If you are anywhere on pregnancy and parenting-related social media sites, you know that October 15th commemorates pregnancy and infant loss. It is the day when parents who have lost a child to miscarriage or stillbirth replace their profile pictures with a burning candle. It is also a month almost to the day from when I experienced my first significant miscarriage and ended-up in hospital as a result, without my fetus and without most of my blood supply.
I’m not in a place where I can wax poetic and inspiring about the reality of pregnancy loss but I can wax brutally honest any day of the week so ready or not, here I come.
How much have my husband and I learned through the last 5 weeks! Miscarriage packs quite the sucker punch. Leaving aside the medical fall-out, it’s like a post-partum hormonal crash minus the baby to cuddle. One minute you think you’re holding-up pretty well, thank you very much, and the next you’re sitting in a puddle. This post is an attempt at expressing the depth of conflicting emotions that grab you when you go through the experience of miscarriage. Maybe you will read it and learn something. But maybe someone will read it and feel normal, this is my hope.

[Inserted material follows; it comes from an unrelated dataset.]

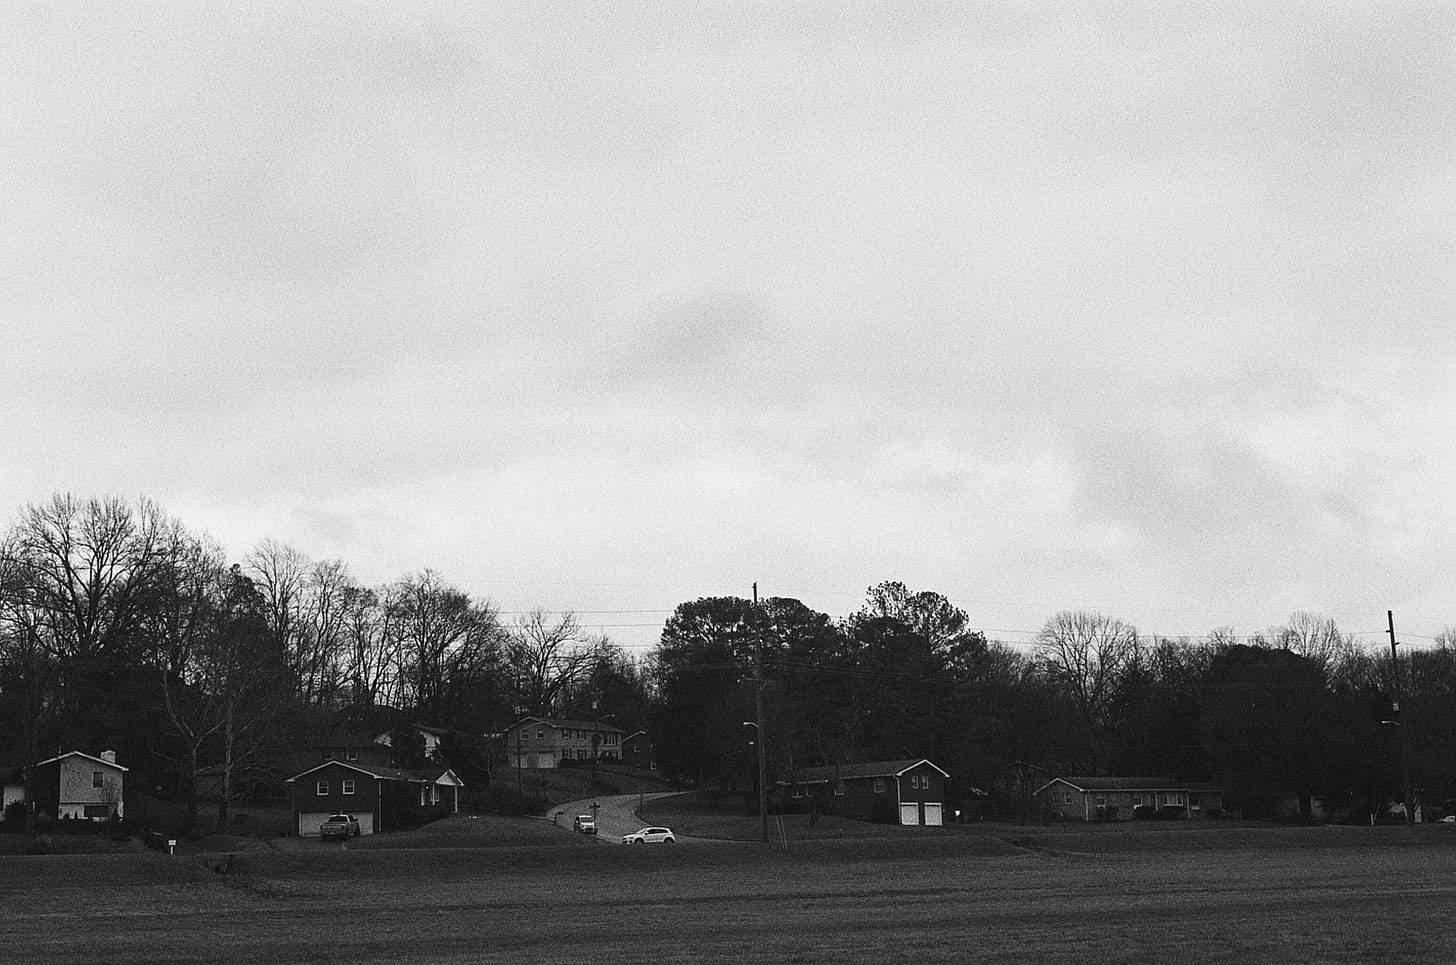 A black and white photograph of a row of houses across the road from a field. Tall trees tower behind them, but most of the photo is sky.

My new pregnancy happened in my new community and I had to debate whether I would seek the care of my usual midwifery team — which would involve driving into town to deliver in hospital or at the birth center — or to register with the midwifery practice for my area — which would allow me to give birth at home or at my local hospital. I really struggled with this decision. The safe course of action, given that I dilate more-or-less painlessly until 7-8cm, was to stay in my area rather than risk an hour long drive into town in transition. But despite being a rational and rather well-hinged individual, I couldn’t think rationally about it. I did get on a local midwife’s roster but when I miscarried, the lack of emotional support from my midwife was really difficult to cope with. It wasn’t her fault: we had only met once. The scope of practice of Ontario midwives is perfect for normal healthy pregnancies but it it grossly inadequate for not-so-normal pregnancies. When I started bleeding heavily, I paged a midwife I didn’t know, who didn’t know me, and directed me to the emergency department of my local hospital. I never heard again from my midwifery clinic. It’s not their fault: they have clients and jobs and no-longer-pregnant women are not part of it. I had to call to cancel lab appointments, midwifery follow-ups and ultrasounds appointments and never got a single call from my midwife to make sure I was ok.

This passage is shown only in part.